Published: Wed, December 06, 2017
Global Media | By Abel Hampton

Air crew saw North Korea missile re-enter atmosphere

Air crew saw North Korea missile re-enter atmosphere

North Korea launched the missile in the early morning hours of Tuesday, Nov. 28 as a flight by the Hong Kong-based airline crossed the Pacific from San Francisco to Hong Kong. "This creates a new risk to civil aviation".

Cathay said it does not have images of video of the incident.

Korean Air said it was unclear how far the apparent missile re-entry was from its own planes, whose flights originated in Los Angeles and San Francisco.

The isolated and impoverished North has staged six increasingly powerful atomic tests since 2006 - most recently in September - which have rattled Washington and its key regional allies South Korea and Japan.

It should be noted though that if the latest test of the Hwasong-15 ICBM failed on re-entry, it did so on a lofted trajectory.

The flight "remained normal", the airline said.

Since the North Korea regime does not announce its missiles tests and does not have access to global civil aviation data, the launches come without warning for commercial airliners and pose a potential risk to planes, the BBC News noted.

"It is something to be concerned about", said Peter Harbison, executive chairman of CAPA - Center for Aviation, a consultancy in Sydney, Australia.

Both Cathay Pacific and Korean Air said they were not taking any new precautions in response to the apparent sightings.

"We have been in contact with relevant authorities and industry bodies as well as with other carriers".

The Singapore Airlines has said that the rerouting had not affected its planes as they have been doing it since July this year.

Defense Secretary Jim Mattis (L) and Gen.
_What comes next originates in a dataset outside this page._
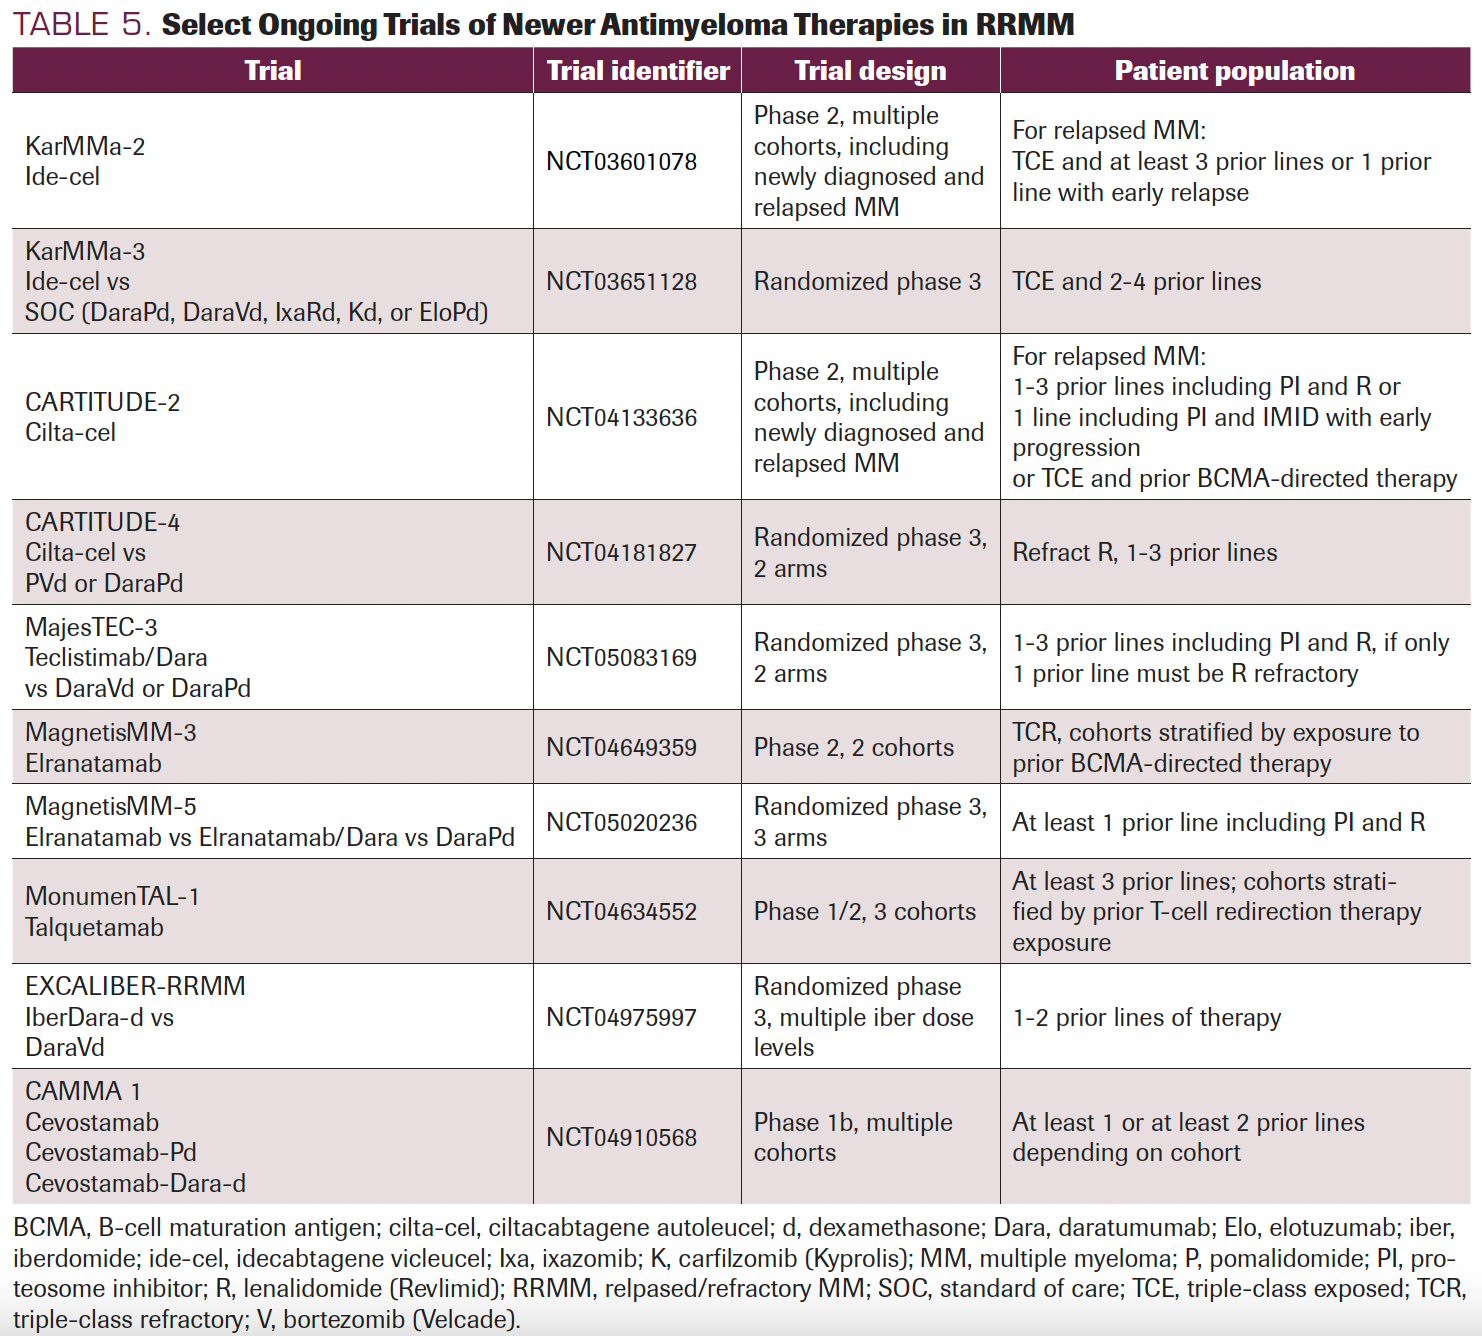 TABLE 5. Select Ongoing Trials of Newer Antimyeloma Therapies in RRMM

Joseph Dunford, chairman of the Joint Chiefs of Staff speak to the press about the situation in North Korea at the White House in Washington, D.C. on September 3, 2017.
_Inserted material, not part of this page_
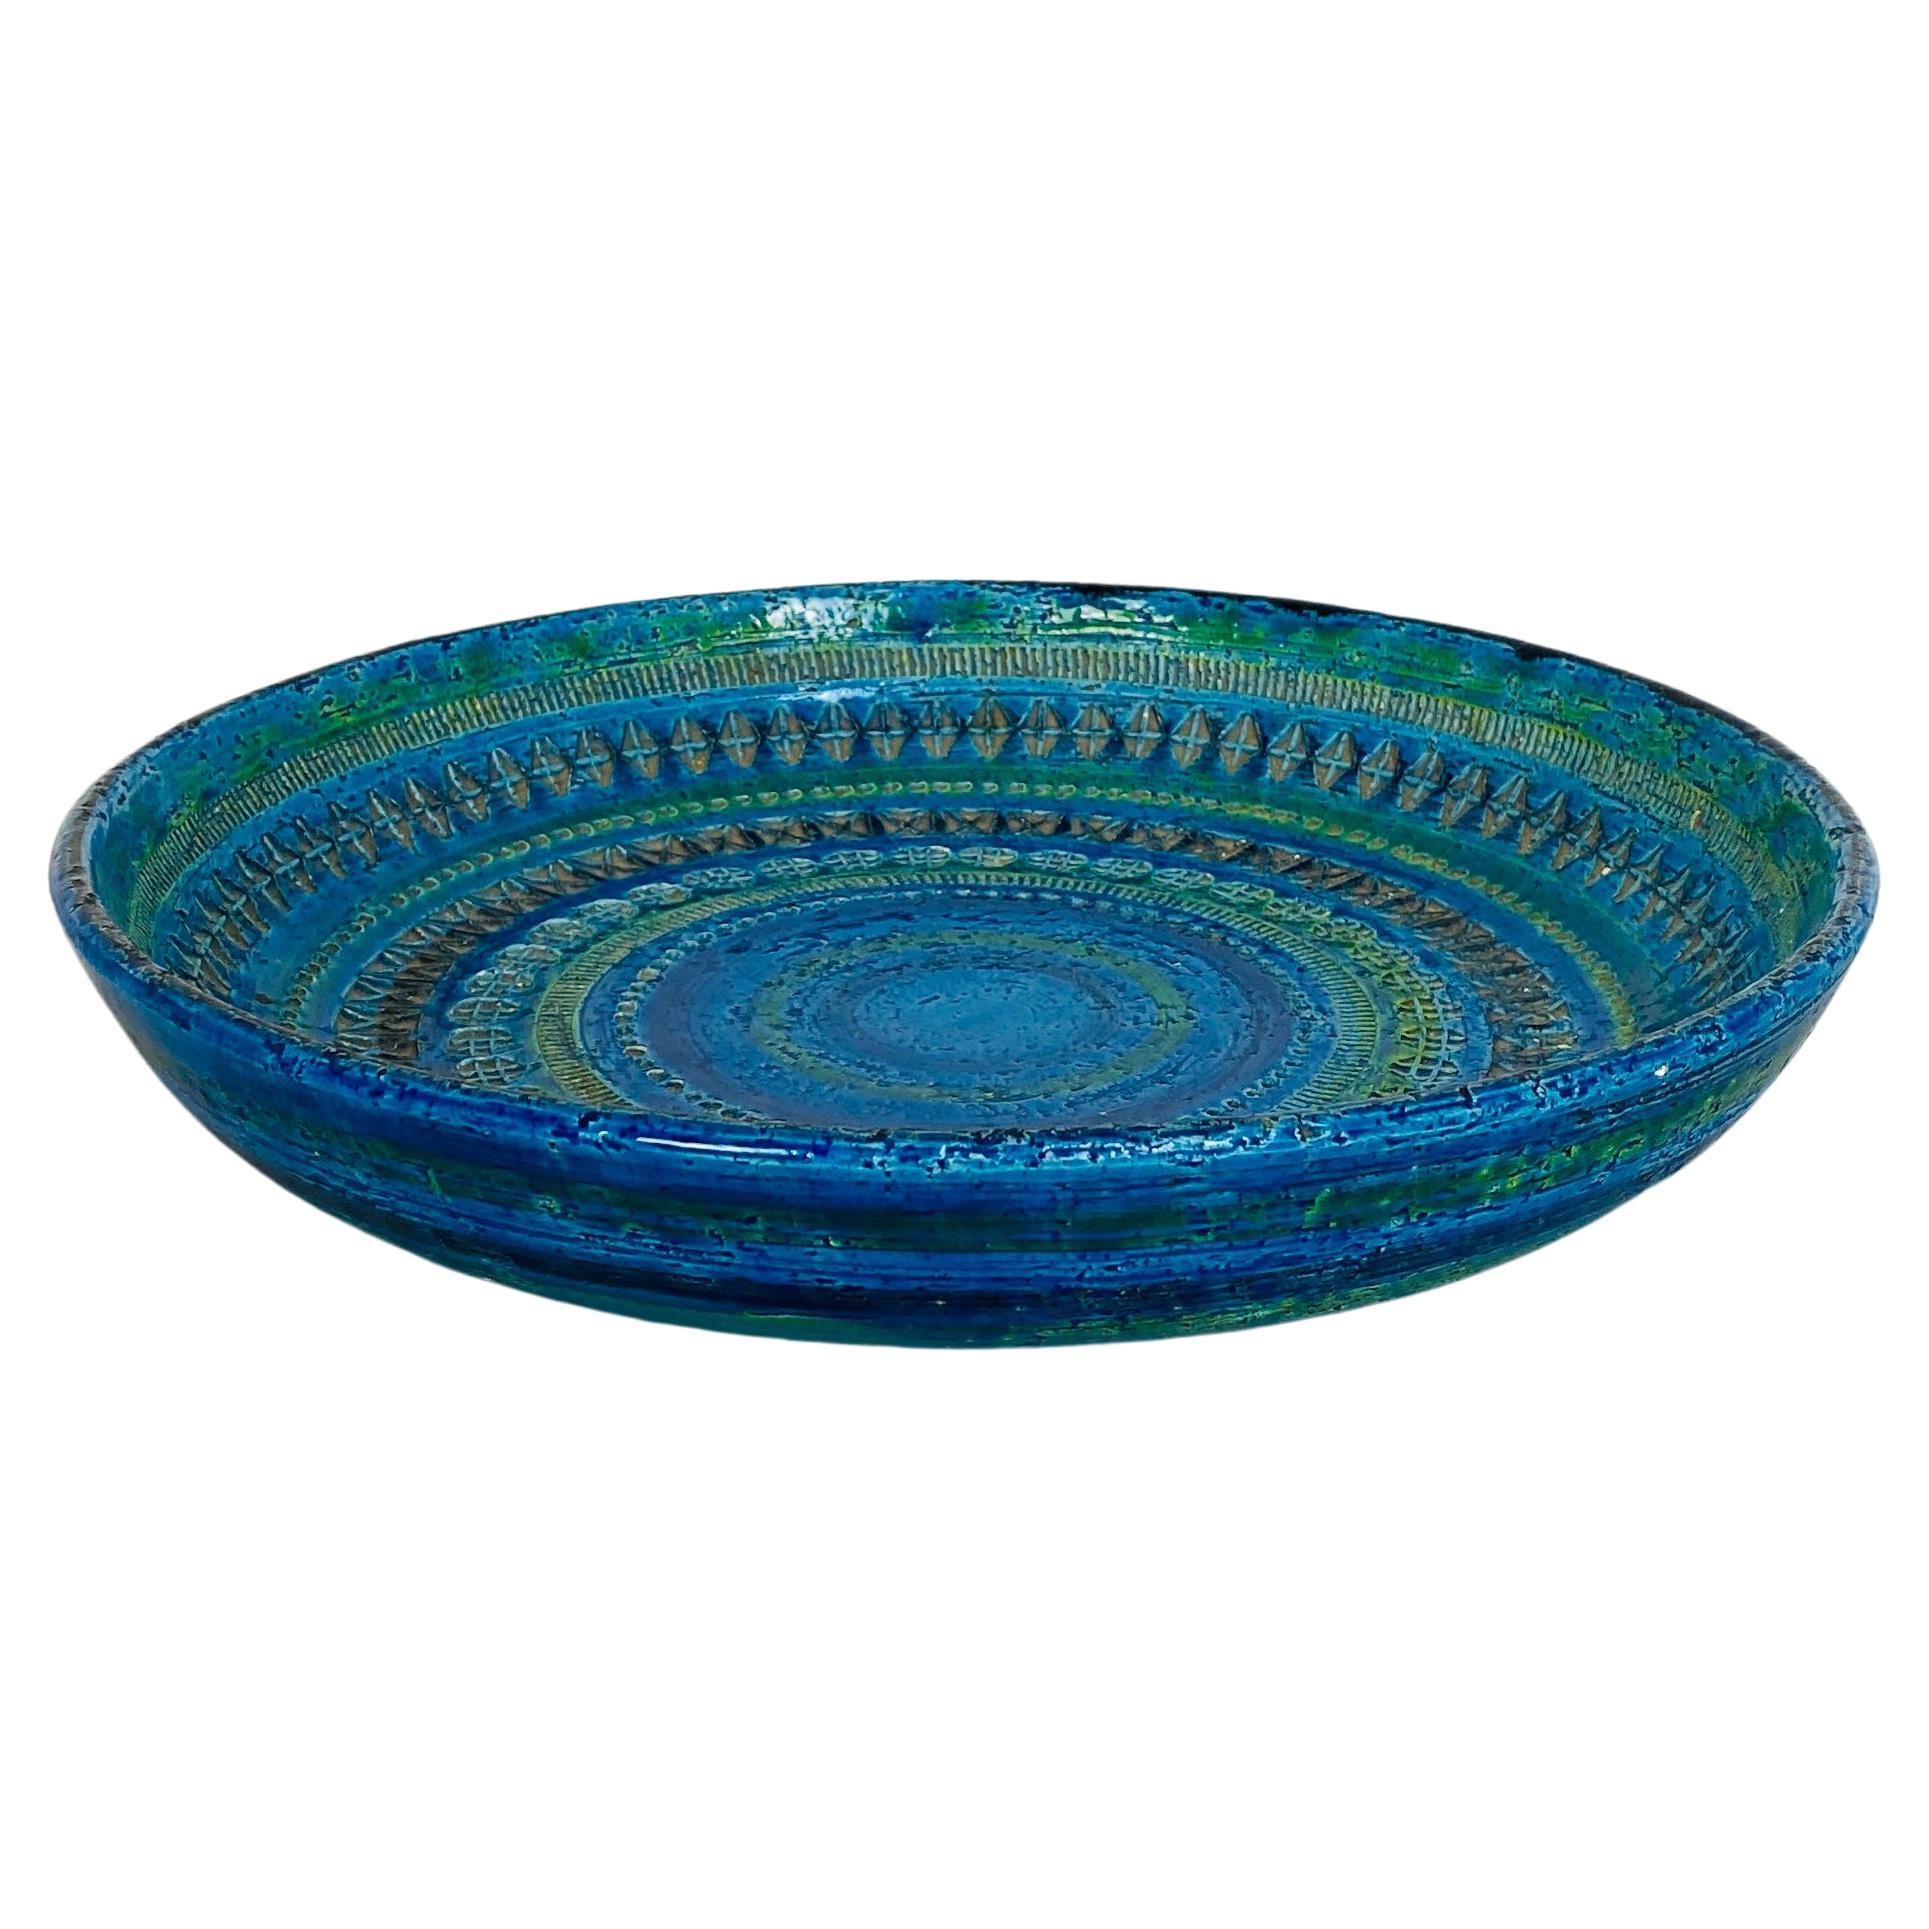 Italian Mid-Century Modern Blue Decorated Plate by Bitossi, 1970s

North Korea's missile testing, which is often conducted without prior notice as required under worldwide agreements, has caused some concern for commercial airlines.

The U.S. and South Korea began Monday a massive combined air force exercise in the wake of the threats from the North.

United States carriers have always been banned from flying over most of North Korea because of the risk of planes being targeted by the North's military. At the time of the splashdown, the flight was about 60 to 70 miles (95 to 112 kilometers) north of where the missile landed, according to a review of the data.